*TASK REQUIREMENTS*.
Please output the listing that follows exactly, but keep all images out.

*AVAILABLE DATA*.
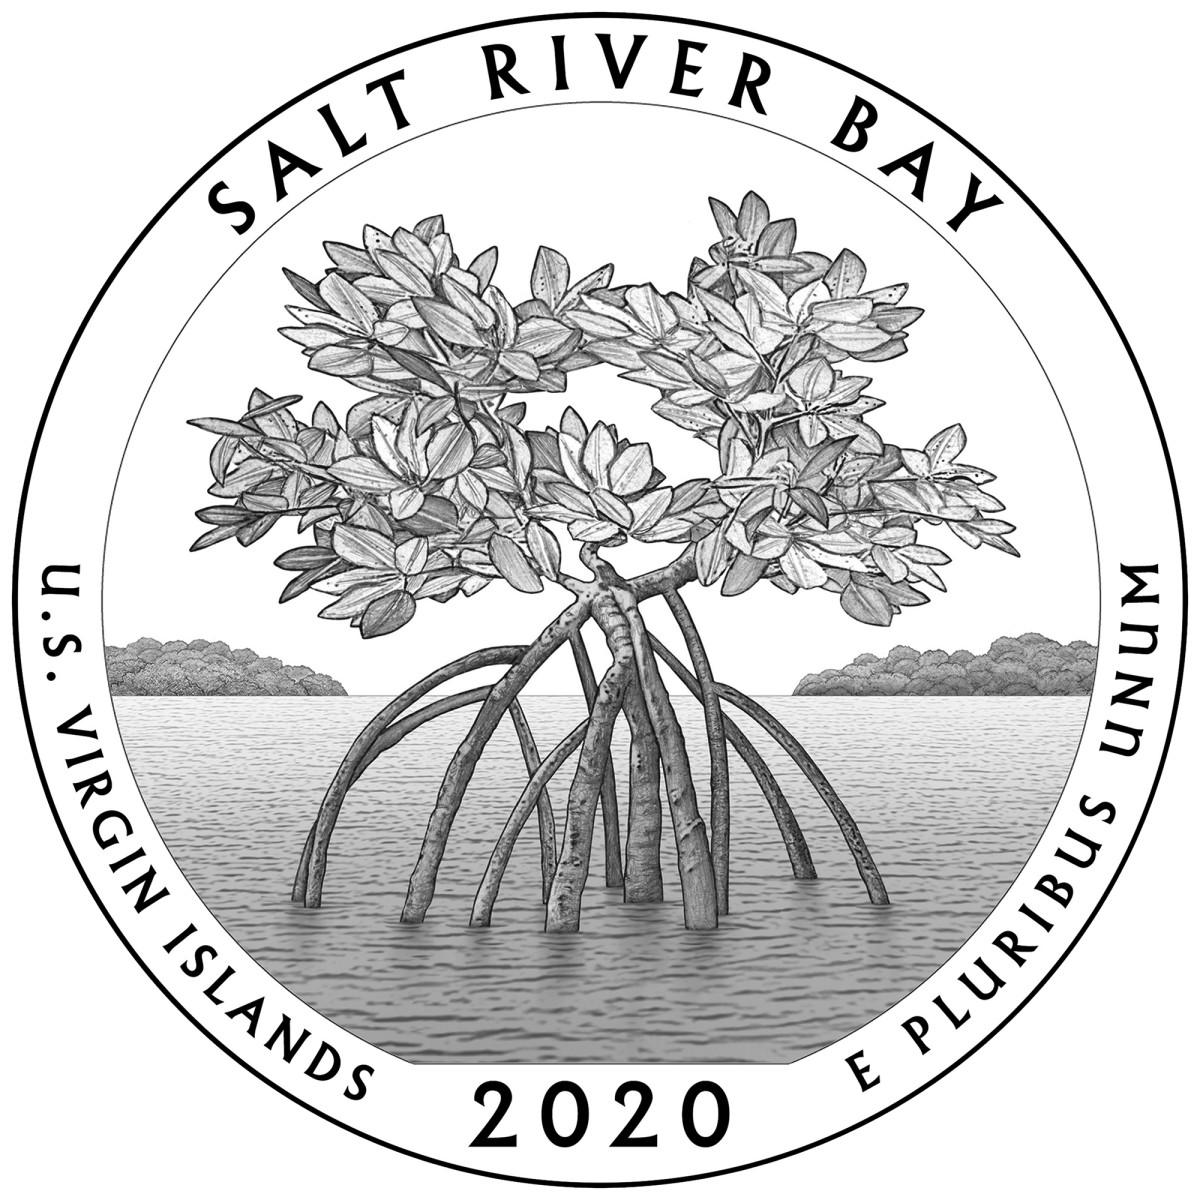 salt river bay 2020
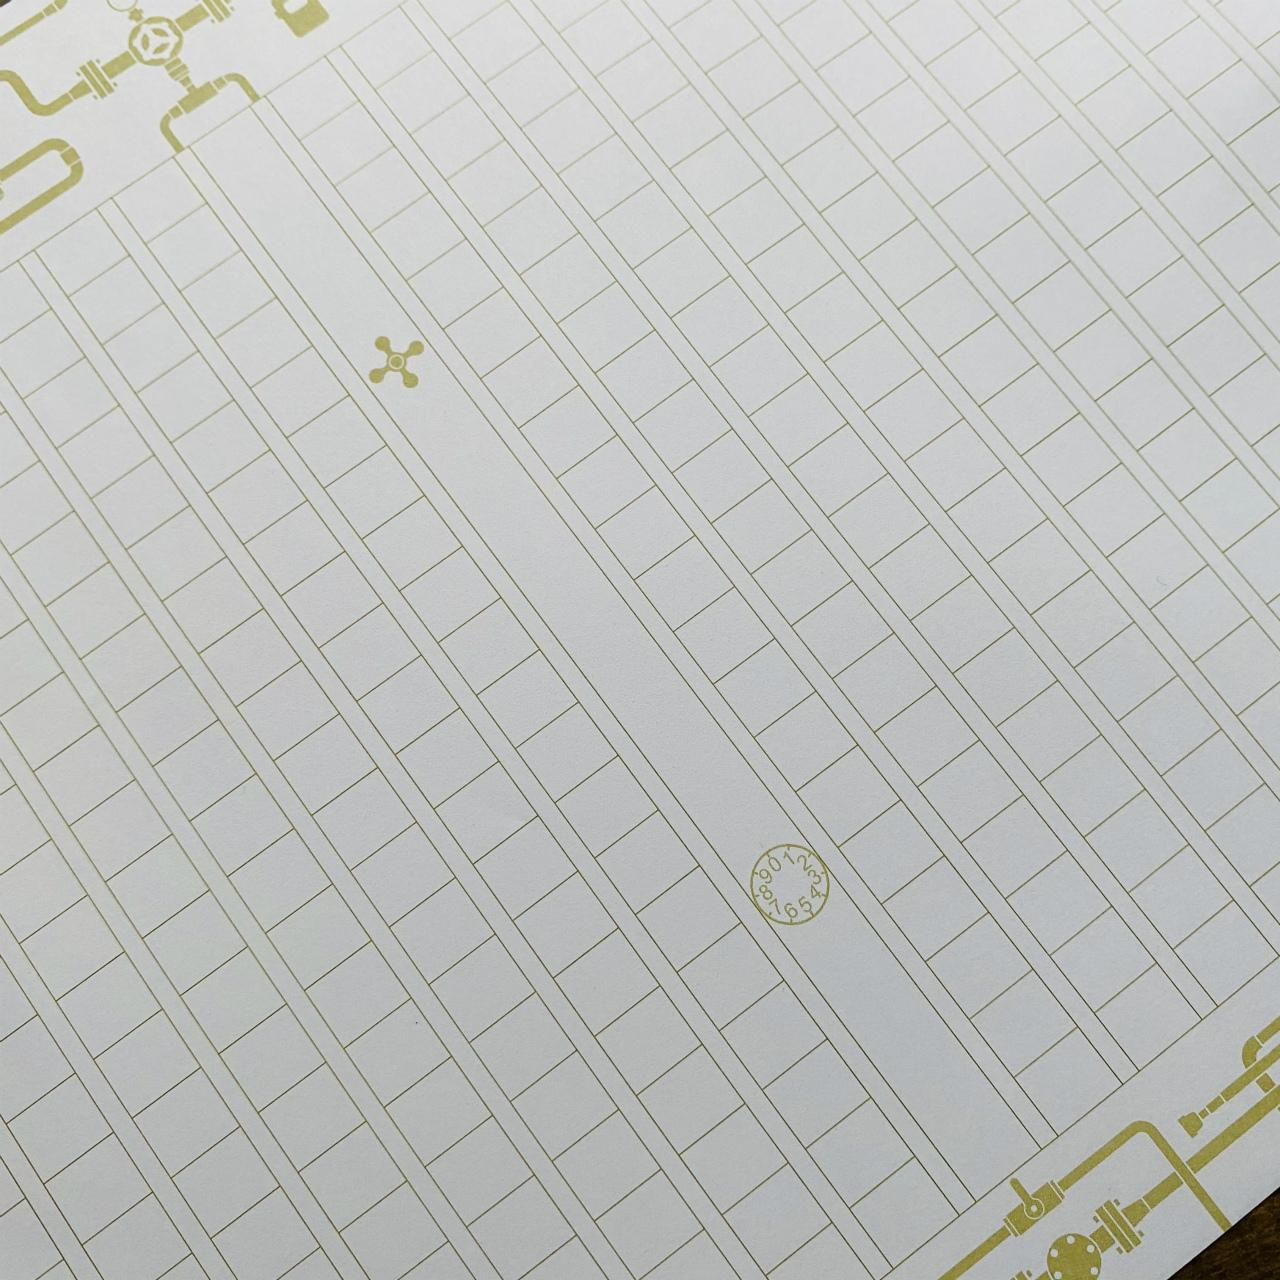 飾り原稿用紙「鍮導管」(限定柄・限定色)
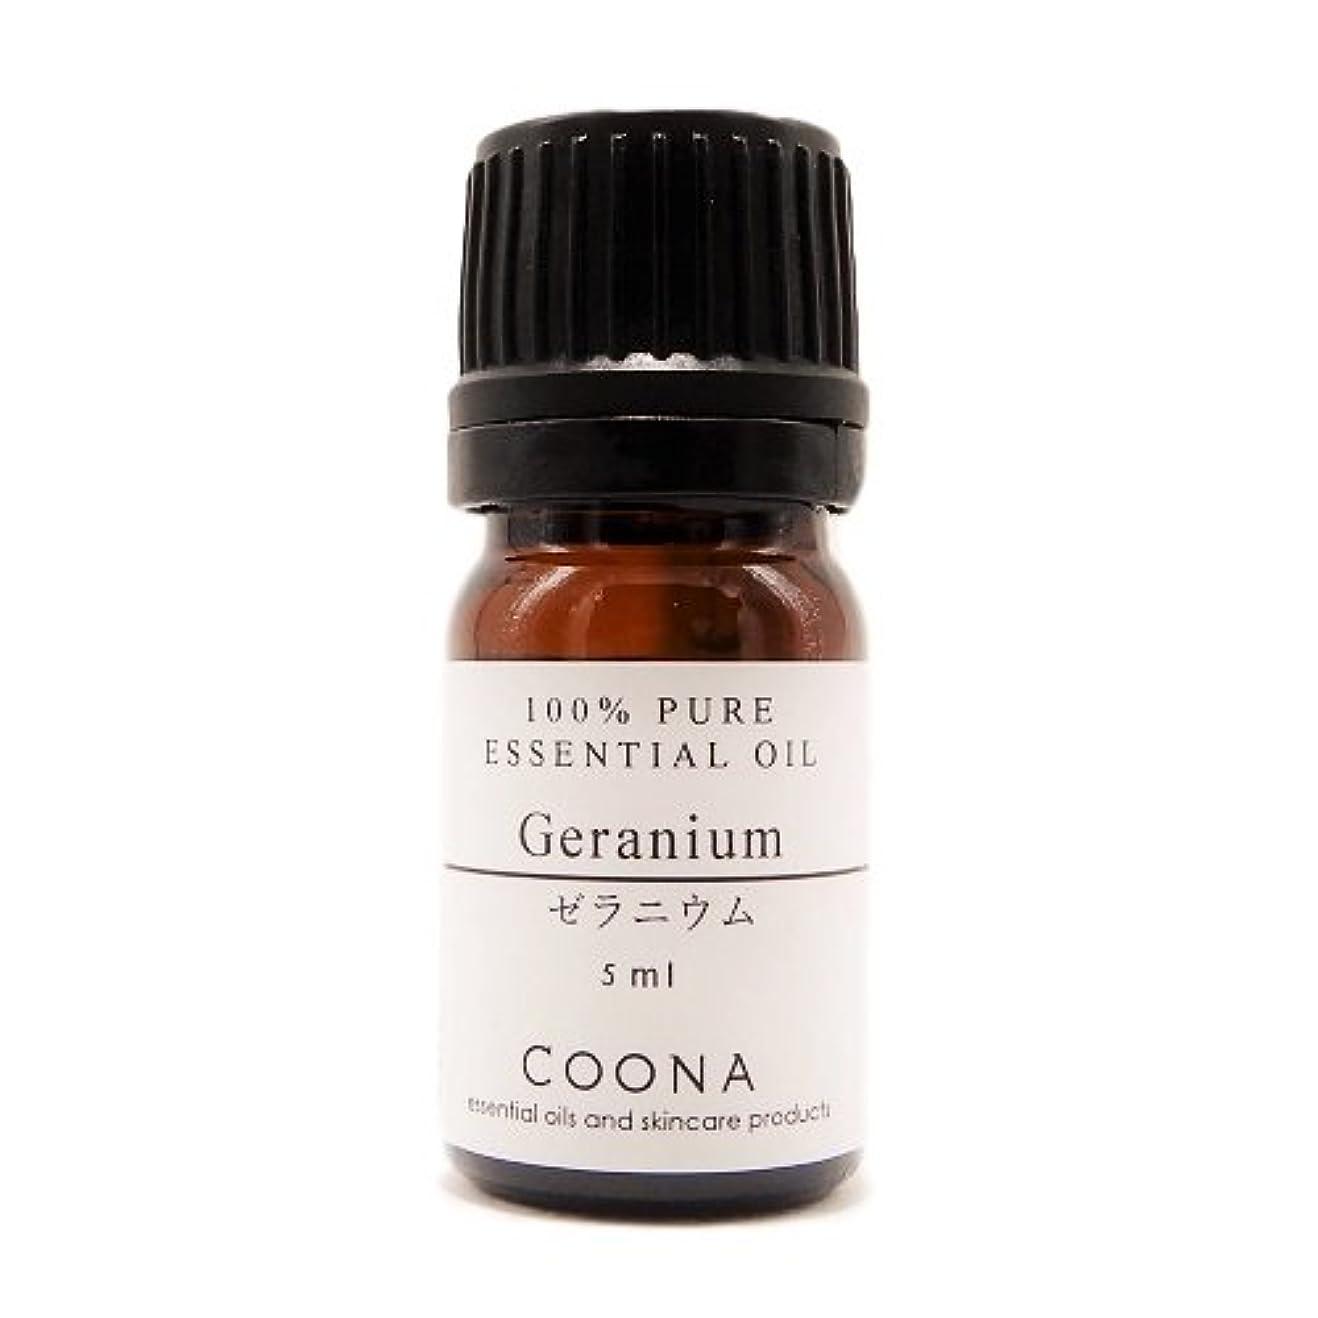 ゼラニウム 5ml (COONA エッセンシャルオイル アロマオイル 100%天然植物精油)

*REPLY*.
 salt river bay 2020
 飾り原稿用紙「鍮導管」(限定柄・限定色)
 ゼラニウム 5ml (COONA エッセンシャルオイル アロマオイル 100%天然植物精油)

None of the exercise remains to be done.